Maintenance of the app is more efficient with Experience Builder, as the admin team only makes edits in one place. Previously, edits had to be made in every app embedded in the dashboard. Now, Torpey says changes are made in Experience Builder and not across multiple apps, streamlining the back-end administration process and saving time.
"It's definitely improved or reduced the amount of time that it takes us to set up for a storm and to respond if we find a glitch somewhere or there's some issue that we need to change," says Torpey.
Testing is also simplified with Experience Builder. Arkison says she can now test out changes and see how it's going to look without pushing them live. Arkison explains that she has unpublished pages on the Volunteer Portal that she keeps hidden until ready.
In addition, having apps and widgets hosted in one place has made it easier for viewers to find data. Martin says that now that all data is in one place in Experience Builder, she just sends one link to requesters.
The ability to customize the apps with Experience Builder has given the admin team more control over both the content and the aesthetic properties of the application.

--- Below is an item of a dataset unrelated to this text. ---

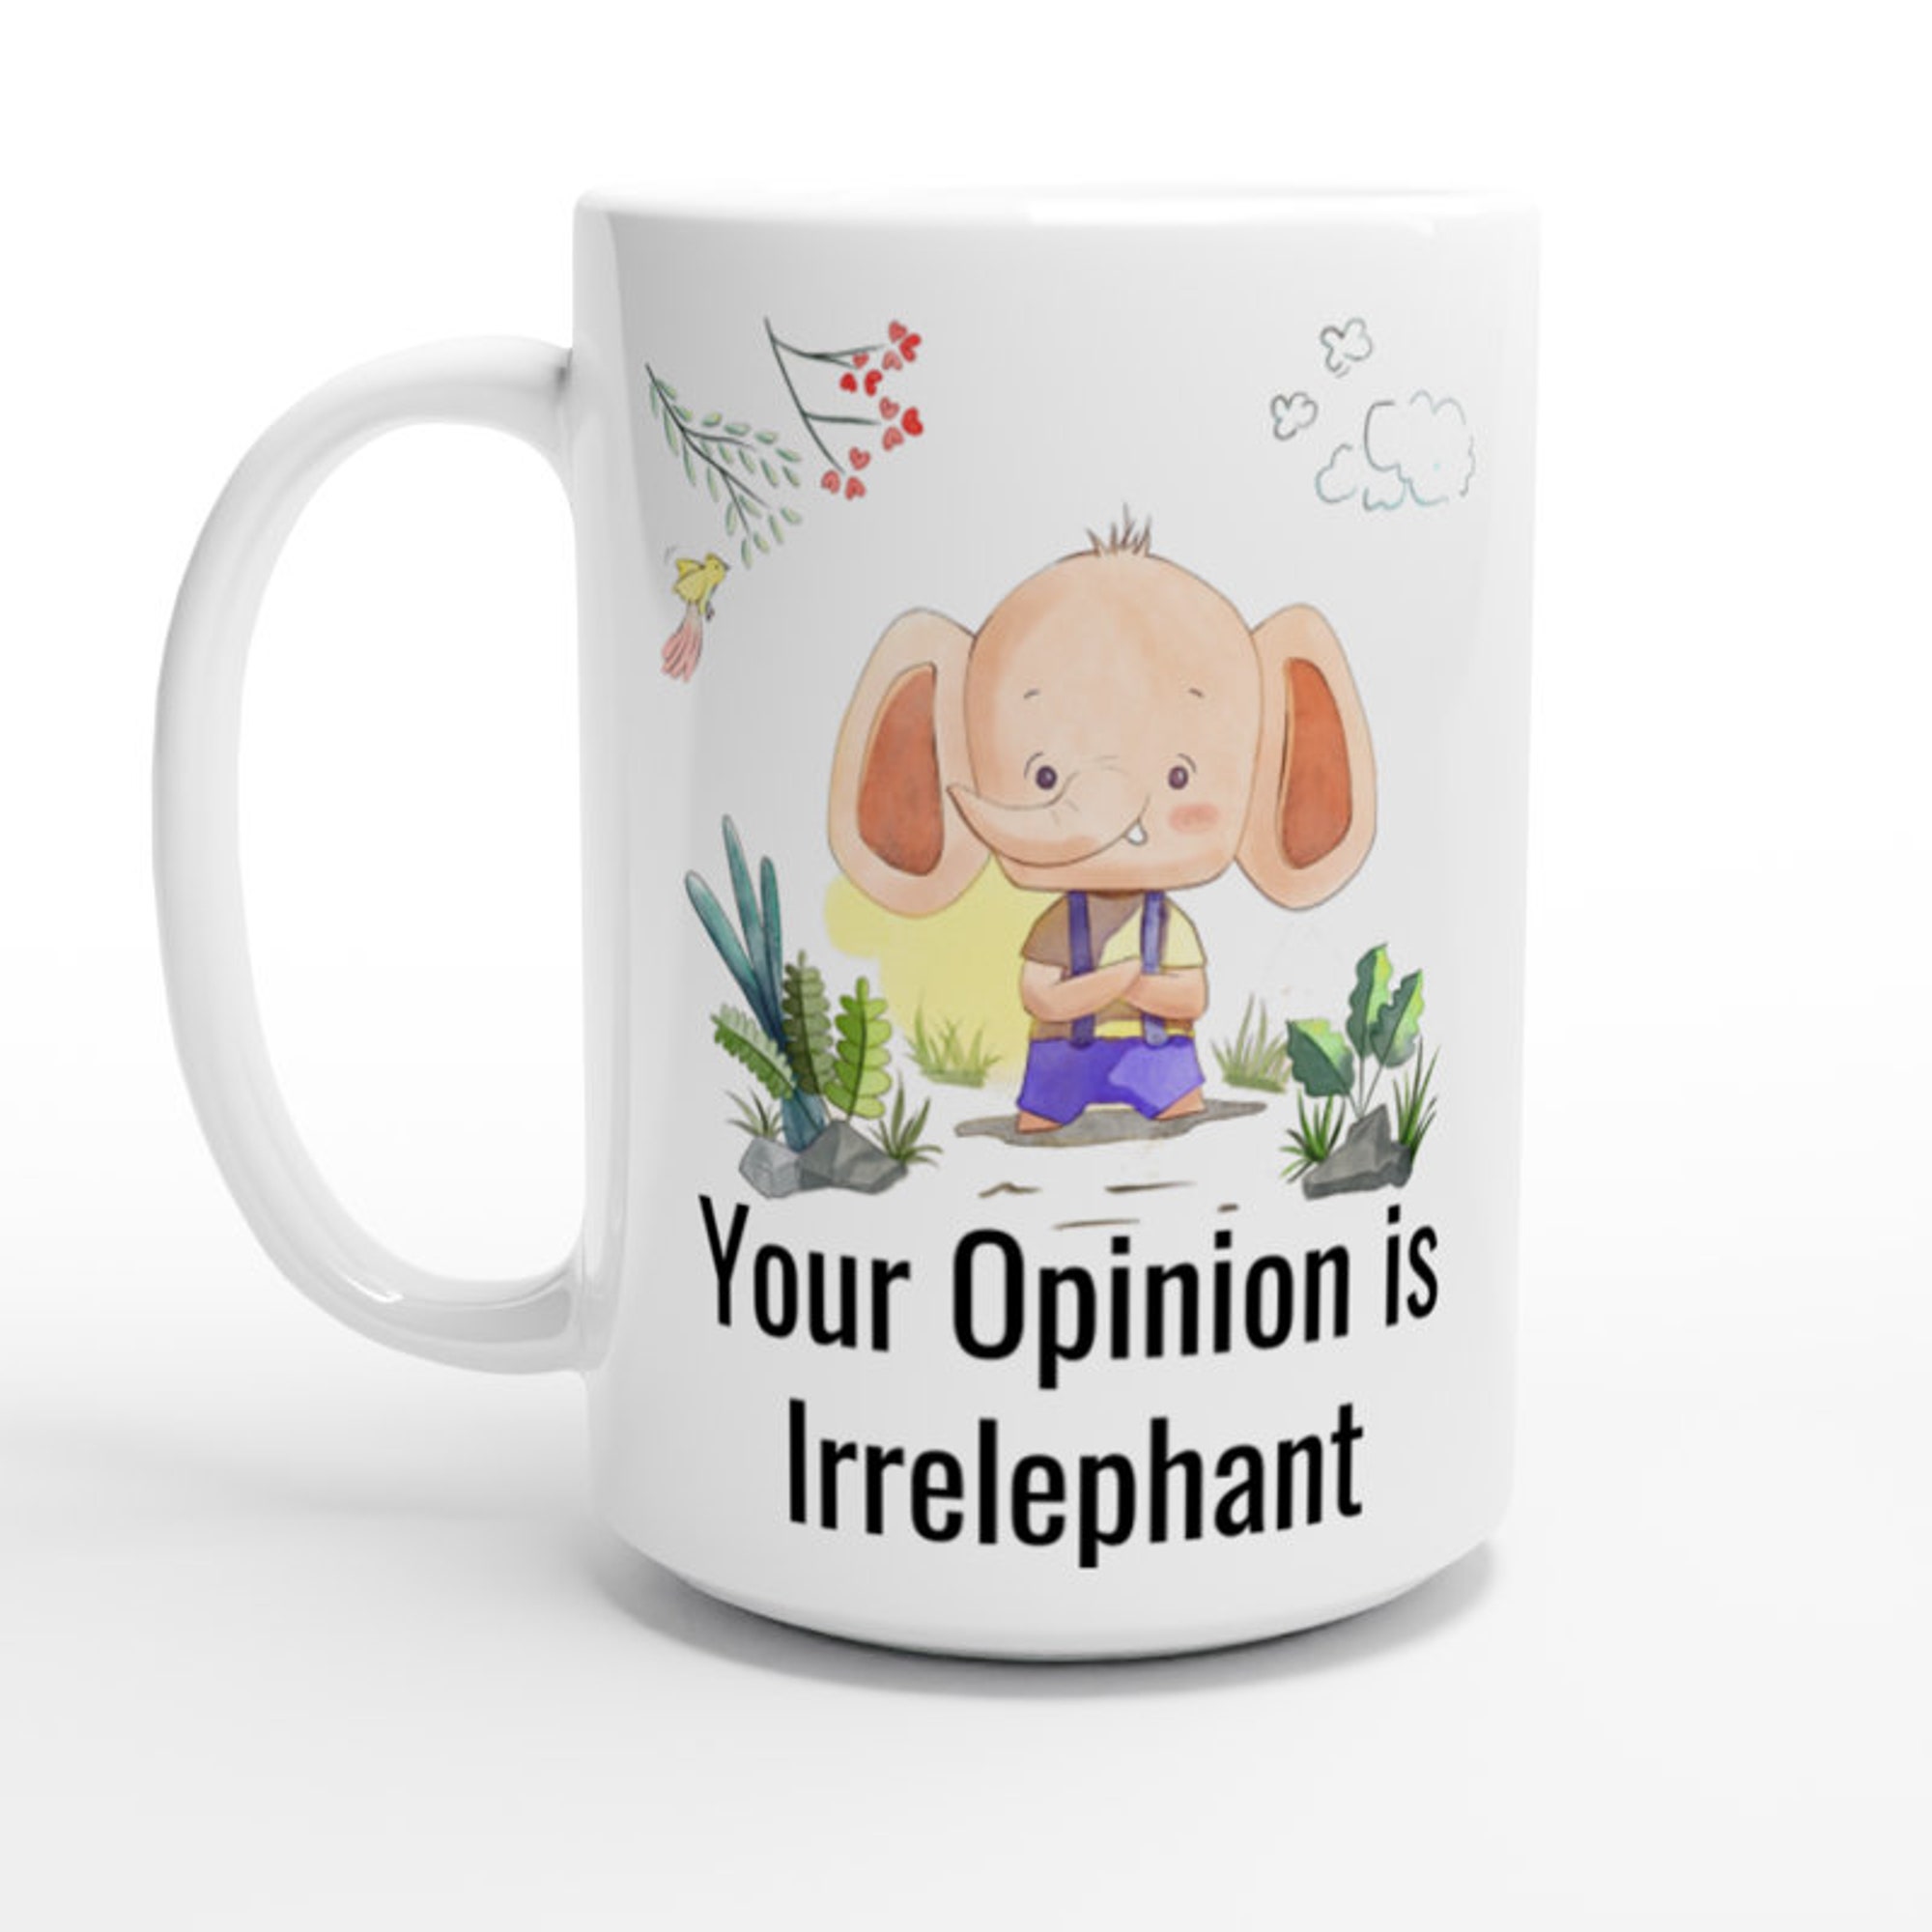 Discover Cute Mug! Elephant Gifts! Your Opinion is Irrelephant Mug!

For example, Arkison says the team can easily change the app's colors, move URLs, or change blocks of text.
The PhotoMappers project has given volunteers an opportunity to help in times of crisis, which is why volunteers continue to participate, says Torpey. Martin is very pleased with the help it has given key customers like FEMA, and she says GISCorps has done an excellent job of evolving the apps to meet the needs of volunteer and emergency management.
"The one thing that I have seen is that this project has been something that the emergency management community has started to rely on. So it has become a data source that all levels are looking to use," says Martin.
Jeff Baranyi, an emergency management tech lead on the Esri public safety team who works with GISCorps and NAPSG Foundation, adds, "I think this is an example project where that promise of social media for providing situational awareness—especially in the early phases of a disaster—has really come into play and been a real value for the community."